The condensed refrigerant liquid entering the condenser 2 is evaporated while cooling the cooling water in reverse. The evaporated refrigerant is circulated back to the compressor 1 through the four-way solenoid valve 11 and the suction pressure regulating valve 14. At this time, the solenoid valve 21 of the cooling water system is opened, and the cooling water cooled by the condensation refrigerant liquid in the condenser 2 is circulated directly to the expansion tank 5 without passing through the cooling tower 4.
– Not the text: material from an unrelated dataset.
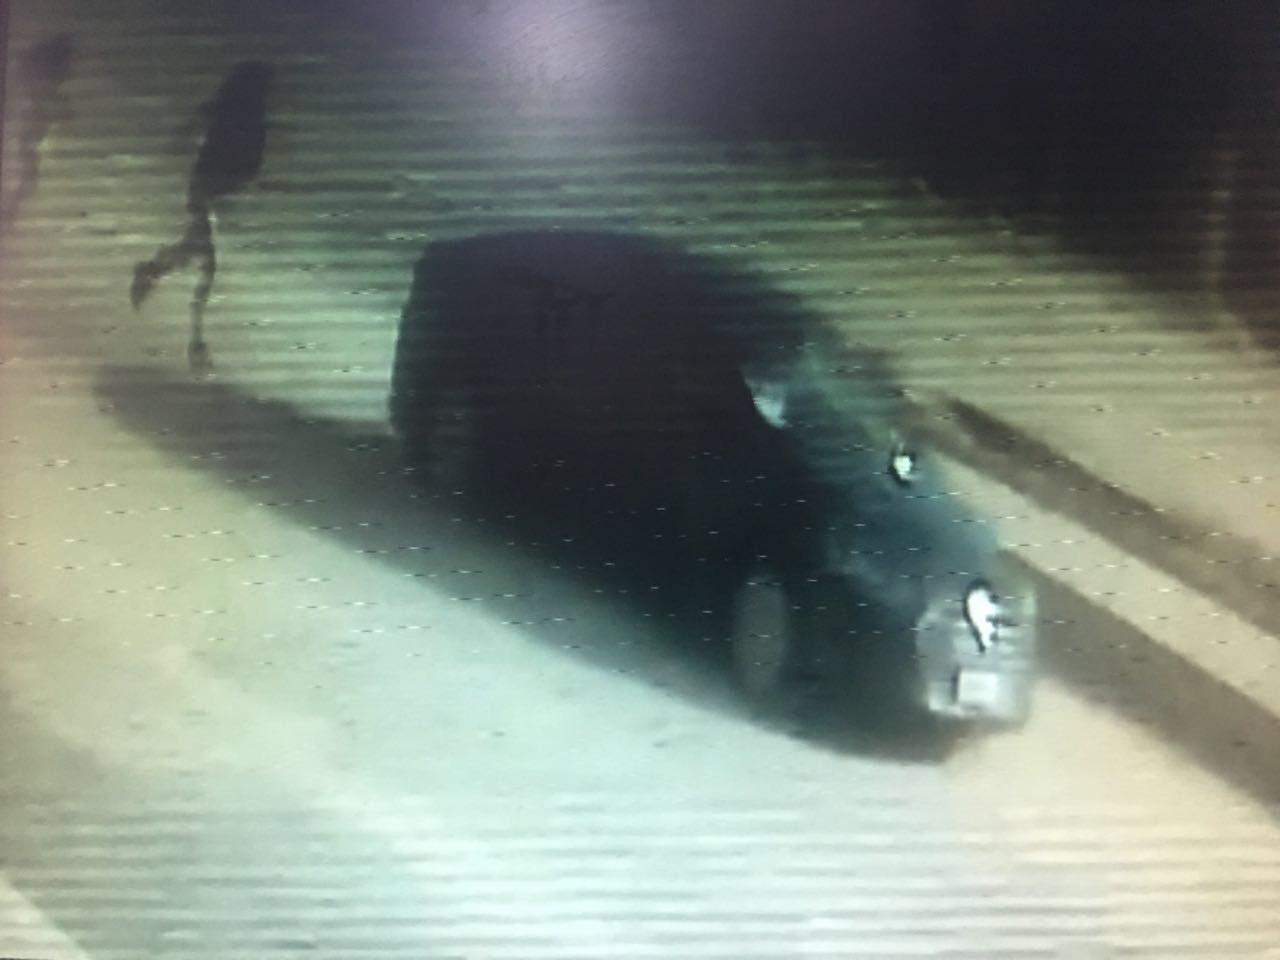 السيارة التى تم خطف الطفل فيها

As described above, the defrosting operation of the refrigeration cycle proceeds simply by bypassing the high temperature and high pressure gas discharged to the compressor 1 by the four-way solenoid valve 11 and directly sending it to the evaporator 3. There is a double effect of cooling the cooling water while increasing the condensed refrigerant liquid removed from the condenser (2) in the reverse principle.

Therefore, if the cooling water cooled during the defrosting operation is resisted to the expansion tank 5, the cooling water can be used without operating the cooling tower 4 for a predetermined time during the freezing operation, thereby reducing the operation rate of the cooling tower 4. It can be.

As described above, according to the present invention, the defrosting operation is possible even with a simpler device, thereby simplifying the device and reducing the operation rate of the cooling tower.

Claims (1)

In a conventional refrigeration cycle including a refrigerant circulation system circulated to the compressor, condenser, evaporator and a cooling water circulation system circulated to the cooling tower, expansion tank and condenser, the refrigerant pipe connected to the discharge port of the compressor (1) and the condenser (2) side; The refrigerant pipes connected from the evaporator 3 to the inlet of the compressor 1 cross each other, and the four-way solenoid valve 11 is installed at the intersection thereof, and the refrigerant pipe leading from the condenser 2 to the evaporator 3 is forward. Expansion valve 12 and check valve 13 tank, reverse expansion valve 12 'and check valve 13' tank are connected in parallel, while condenser 2 to cooling tower 4 is connected to cooling water pipe 4 Refrigeration cycle, characterized in that the solenoid valve 21 is directly connected between the cooling water pipe connected to the expansion tank (5) in the cooling tower (4).